Two other mechanical engineering professors—Mike Sutton and Steve McNeill—have pioneered digital image correlation, a technique for measuring two- and three-dimensional surface strain fields. Sutton recently spent a sabbatical in CDBA in which he worked to apply the technique to biological materials.

Sarah Baxter
Sarah Baxter and Xiaodong Li, both mechanical engineering professors, are collaborating with researchers in CDBA in an effort to better characterize the properties of artificial tissues that could be used as clinical tissue replacements.

Another professor in mechanical engineering, Victor Giurgiutiu, is collaborating with chemical engineering faculty member Jon Bender to investigate ways to minimize encapsulation around implantable sensors in the body. Ultimately, their research could one day lead to development of sensors capable of monitoring whole organs.
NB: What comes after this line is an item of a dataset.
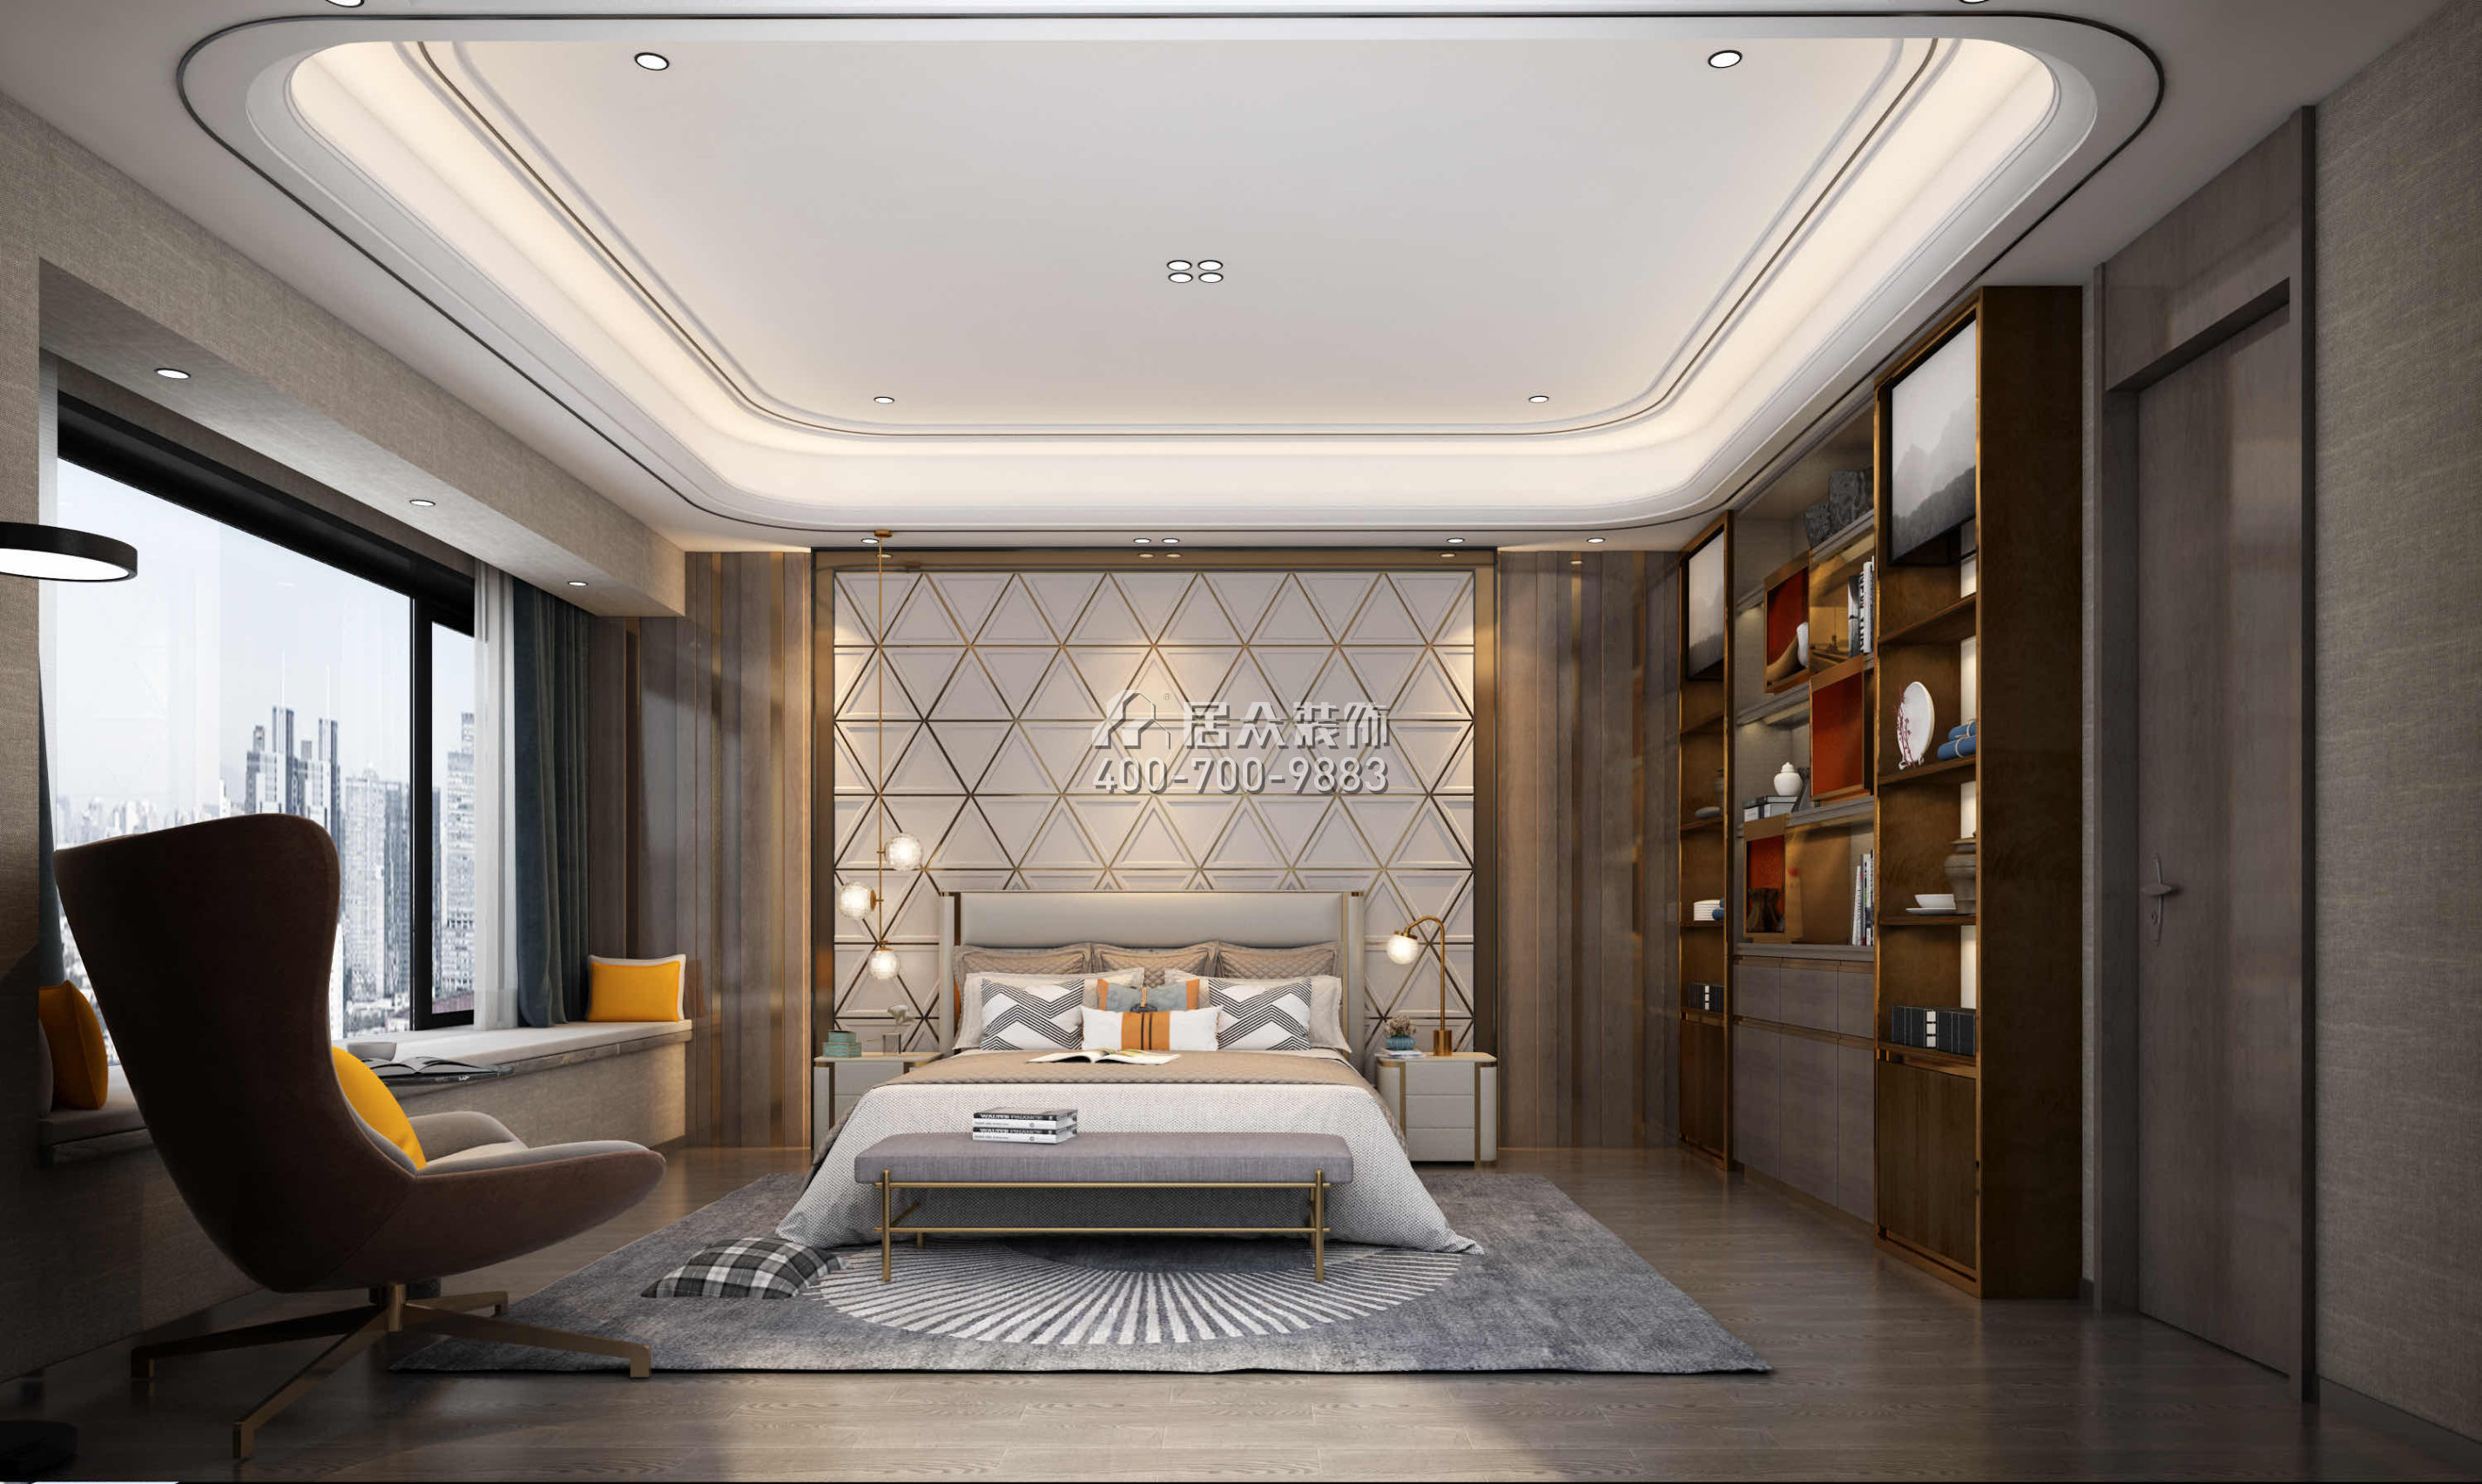 新天鵝堡289平方米現代簡約風格平層戶型臥室裝修效果圖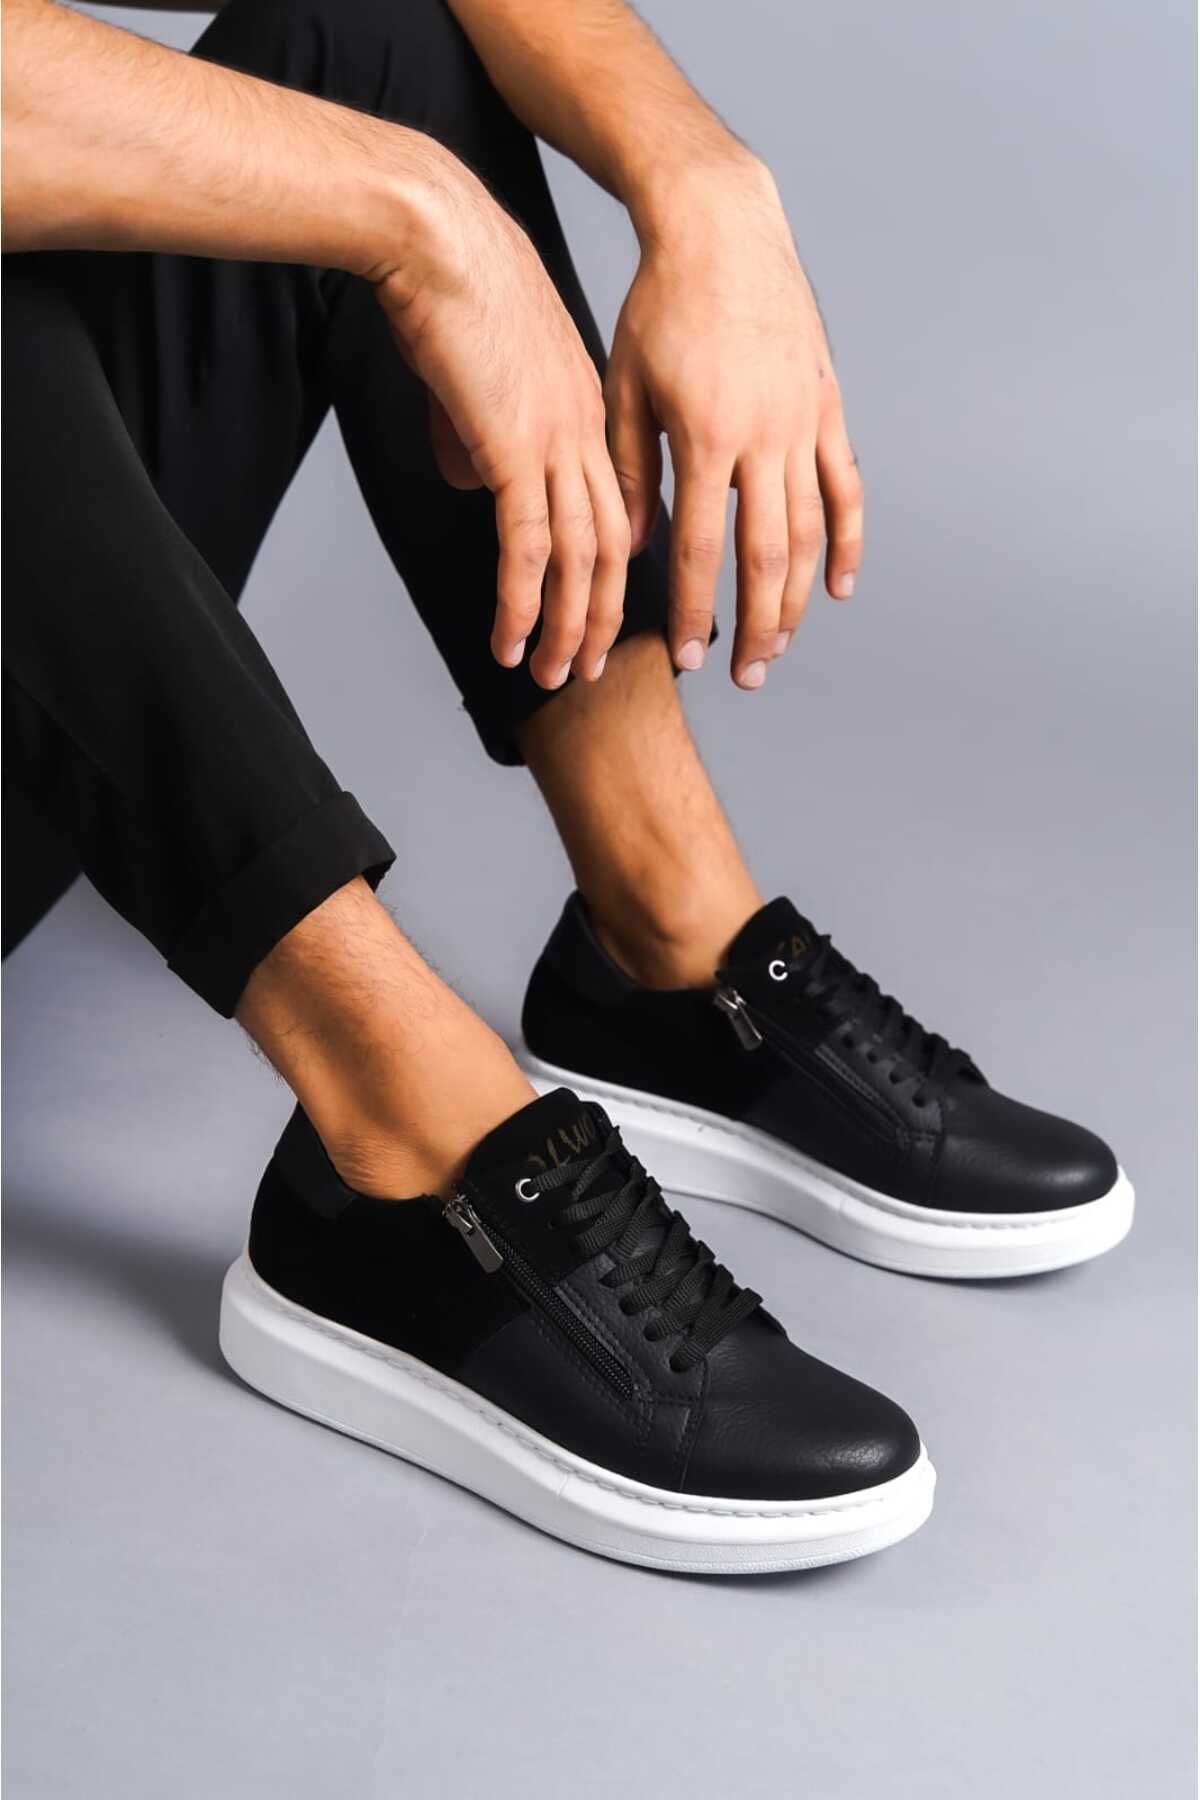 BZ Moda B155 BT Bağcıklı Fermuarlı Ortopedik Taban Süet Deyatlı Erkek Sneaker Günlük Ayakkabı Siyah

They are working with Harold Freidman in the School of Medicine’s Department of Surgery, and with Tom Borg, Wayne Carver, and Tom Yost in the Department of Cell and Developmental Biology and Anatomy (CDBA).

Hanif Chaudhry
Hanif Chaudhry, chair of the Department of Civil and Environmental Engineering, is collaborating with Jamal Moloo, a faculty member in the School of Medicine’s Department of Internal Medicine, to test a new procedure for heart catherization that measures the amount of blockage in an artery.

The traditional method is to measure pressure before an arterial blockage, then feed the catheter wire past the blockage to measure the pressure again. This method is potentially dangerous, but the technique Chaudhry and Moloo are testing eliminates the need for pushing the catheter wire past the blockage.

“We have used the procedure on three patients, and it is giving similar results as the traditional method. We’re just looking for more patient data now to validate the methodology,” Chaudhry said.


6/04


Ralph White, dean, USC College of Engineering and Information Technology


“We’re all recognizing that engineers can make substantive contributions in the field of medicine.”